图 5: CoA中最终答案生成的提示。我们使用处理后的链式提示让大语言模型重新回答用户的问题。
3. Experiments
3. 实验
In this section, we initially compare the performance of our Chain-of-Action framework with recent state-of-the-art baselines across various public benchmarks, followed by an in-depth analysis of these comparisons.
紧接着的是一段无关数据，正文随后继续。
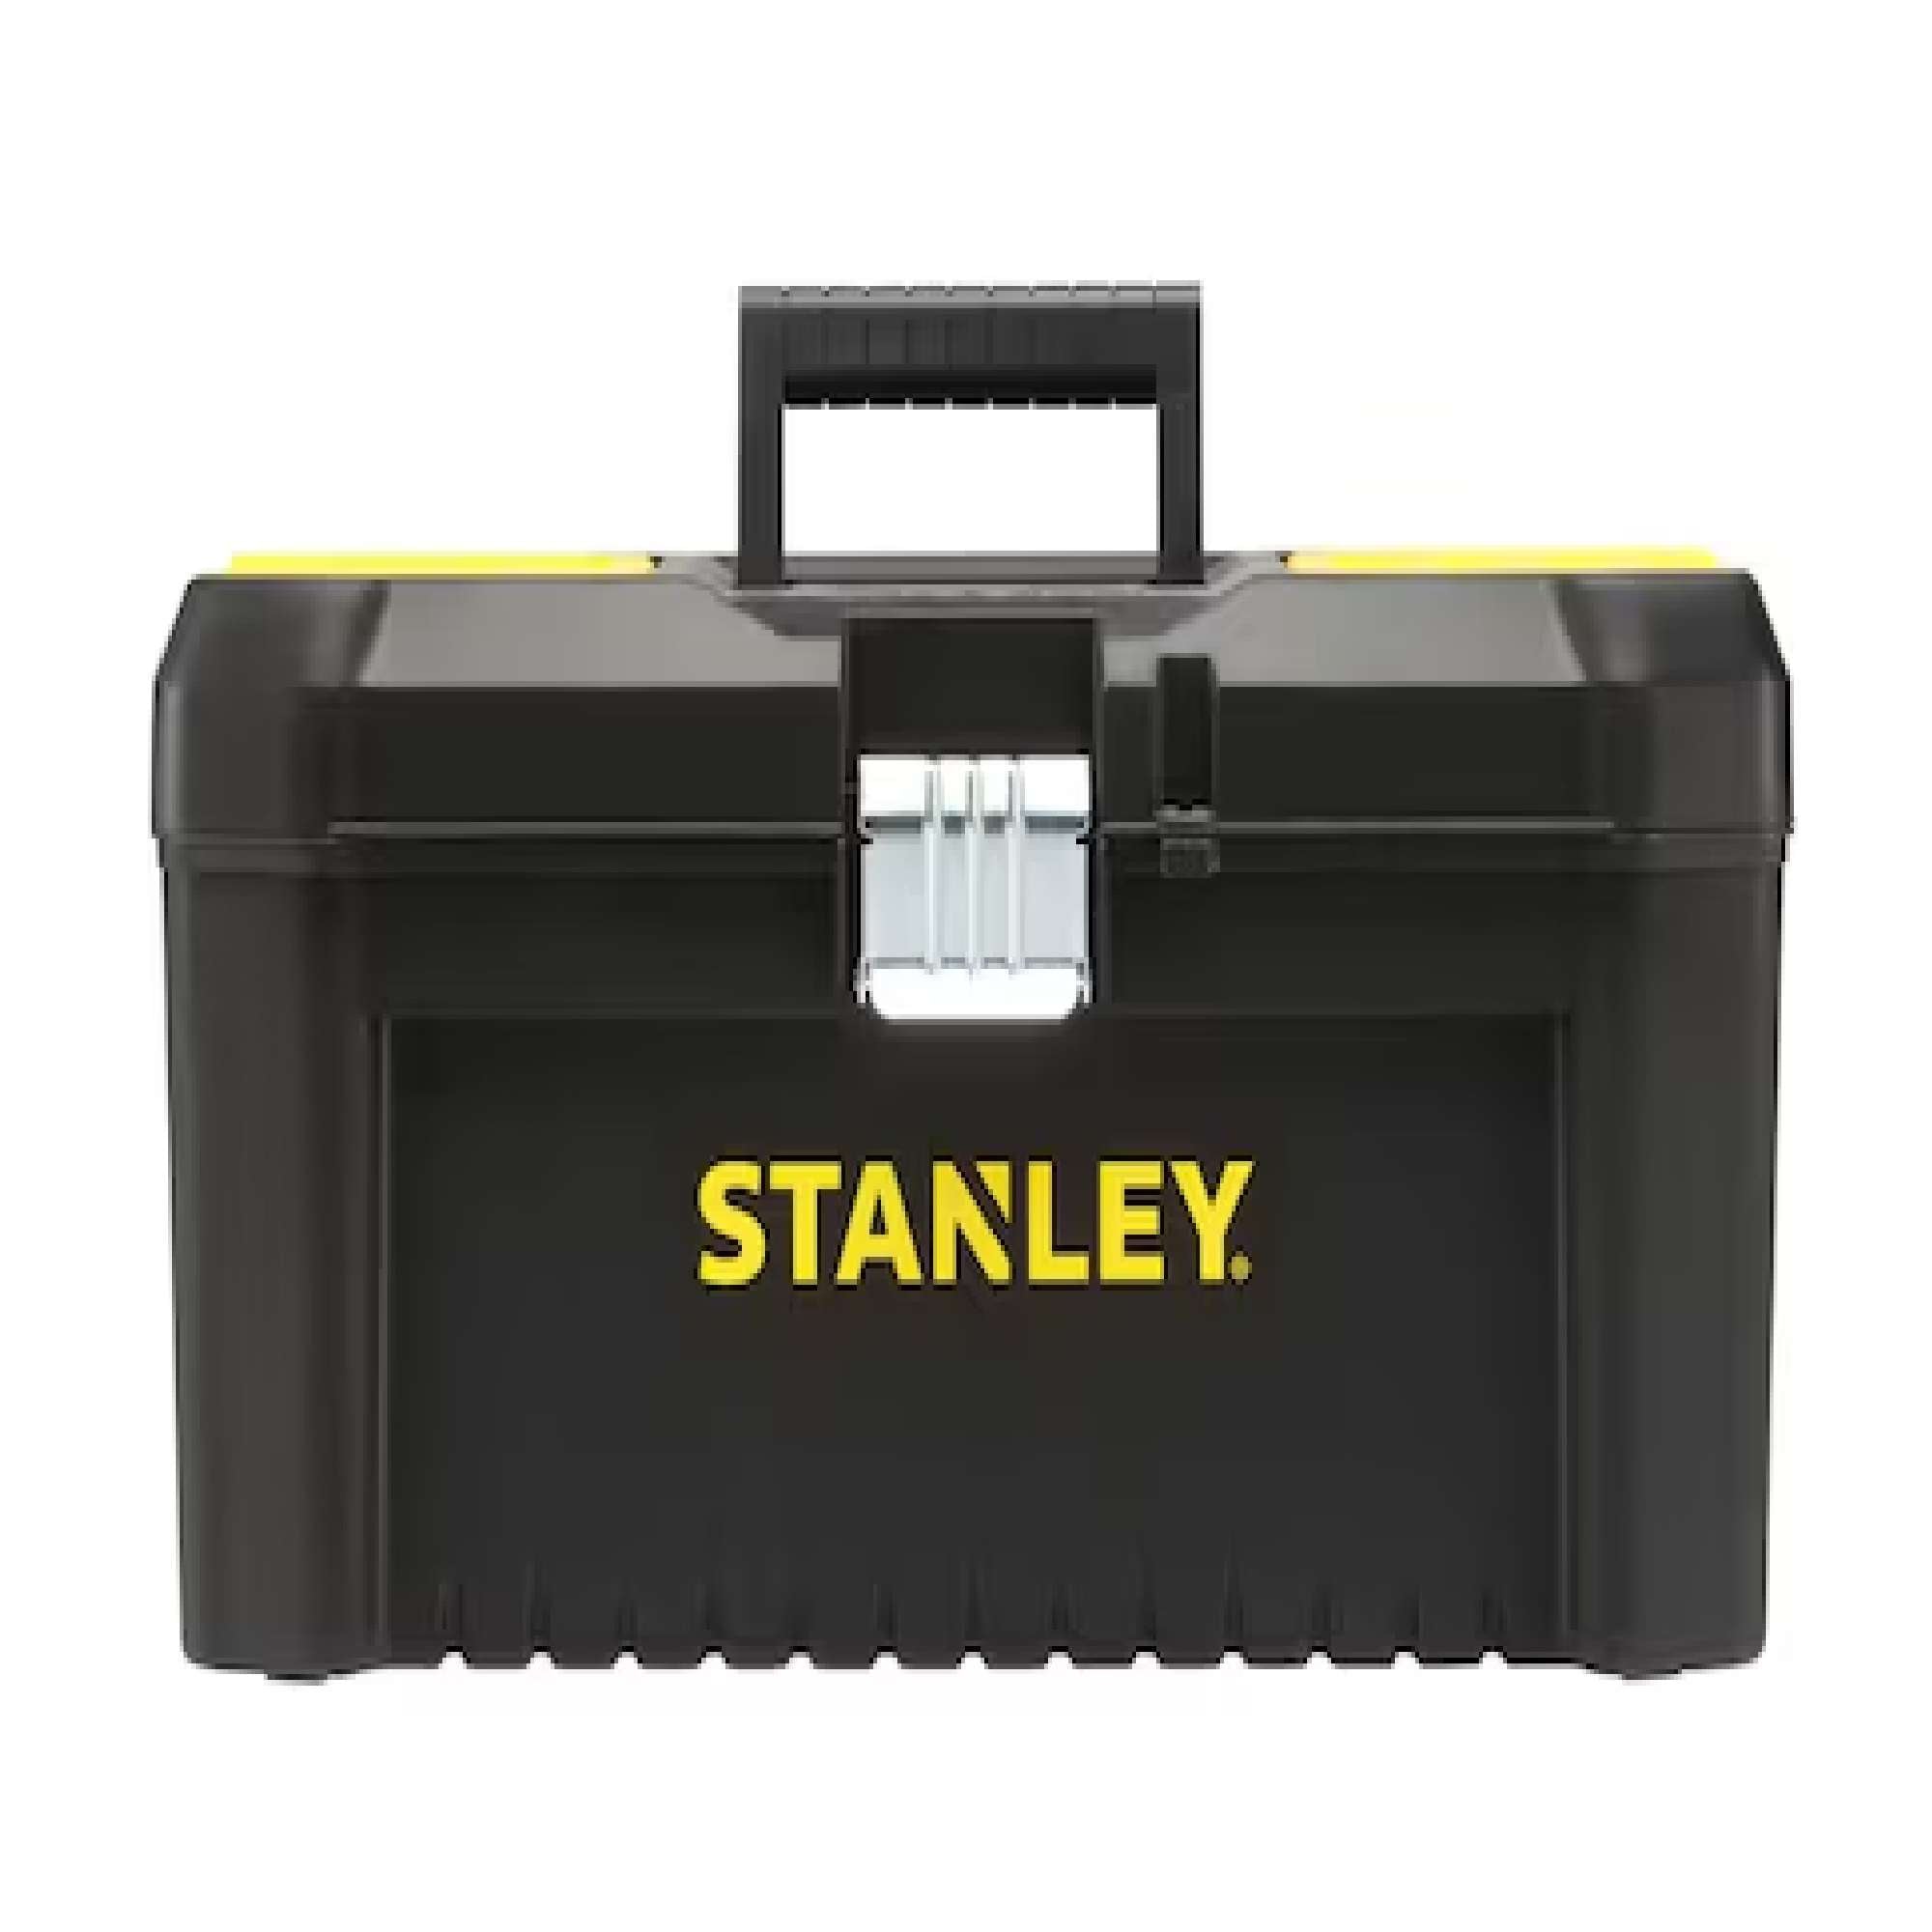 Essential toolbox, with metal hinges - Stanley STST1-75518
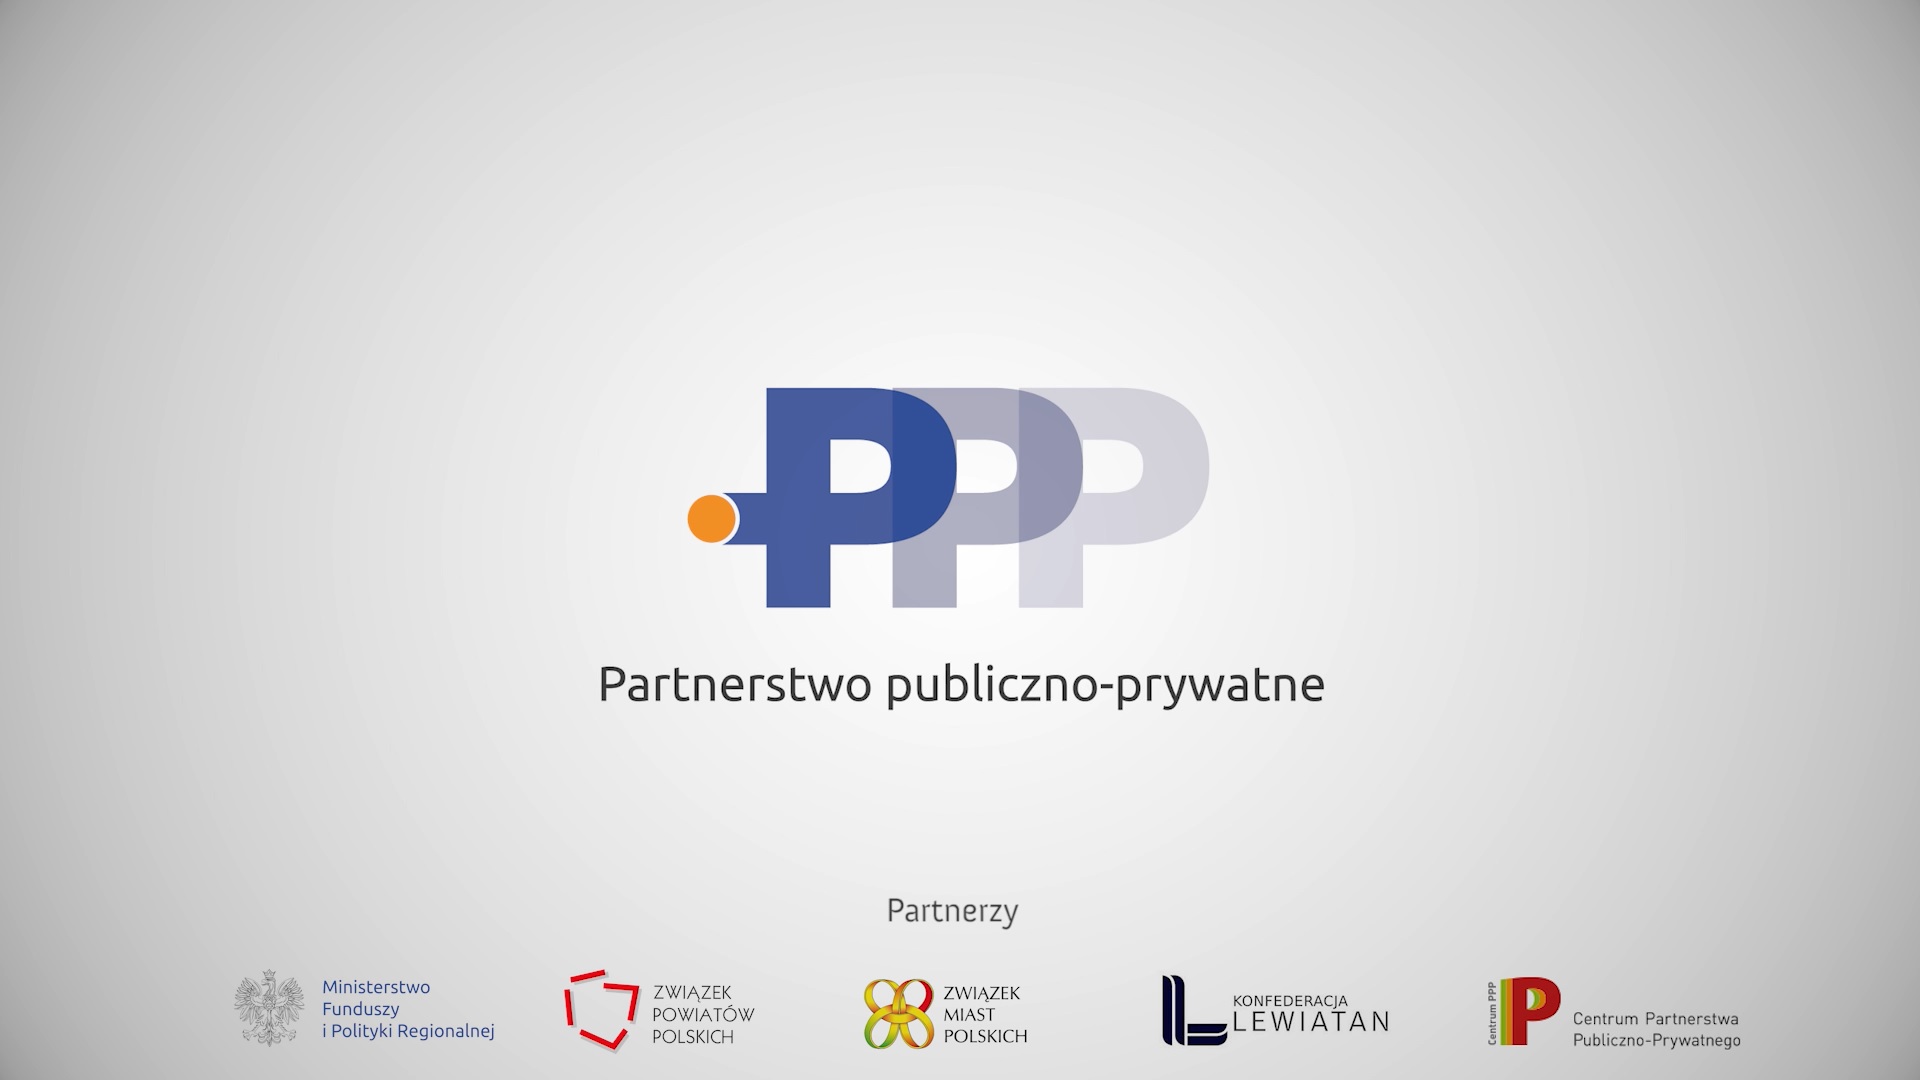 Omówienie idei partnerstwa publiczno-prywatnego oraz wprowadzenie do zagadnień tematycznych. Film wprowadzający

Subsequently, we provide a detailed analysis of our launched case study: a Question Answering (QA) application in the Web3 domain.
在本节中,我们首先将 Chain-of-Action 框架与当前最先进的基线模型在多个公开基准测试中的性能进行对比,随后深入分析这些比较结果。接着,我们对已落地的案例研究——Web3 领域的问答 (QA) 应用进行详细解析。
3.1. Experiments with Benchmarks
3.1. 基准测试实验
Datasets and Evaluation Metric. We select four classic QA tasks that include web-based QA (Web Questions $\mathrm{QA}^{2}$ (WQA)(Berant et al., 2013)), general $\mathrm{QA}^{3}$ (DATE, General Knowledge, Social QA (SoQA)), Truth $\mathrm{QA}^{2}$ (Srivastava et al., 2022), Strategy $\mathrm{QA}^{2}(\mathrm{SQA})$ (Geva et al., 2021), and Fact Checking (FEVER4 (Thorne et al., 2018)).
数据集与评估指标。我们选择了四个经典问答任务,包括基于网络的问答 (Web Questions $\mathrm{QA}^{2}$ (WQA)(Berant et al., 2013))、通用 $\mathrm{QA}^{3}$ (DATE、常识问答、社交问答 (SoQA))、真实性 $\mathrm{QA}^{2}$ (Srivastava et al., 2022)、策略性 $\mathrm{QA}^{2}(\mathrm{SQA})$ (Geva et al., 2021) 以及事实核查 (FEVER4 (Thorne et al., 2018))。
For the evaluation metric, we use cover-EM (Rosset et al., 2020) to represent whether the generated answer contains the ground truth.
在评估指标方面,我们使用 cover-EM (Rosset et al., 2020) 来衡量生成答案是否包含真实答案。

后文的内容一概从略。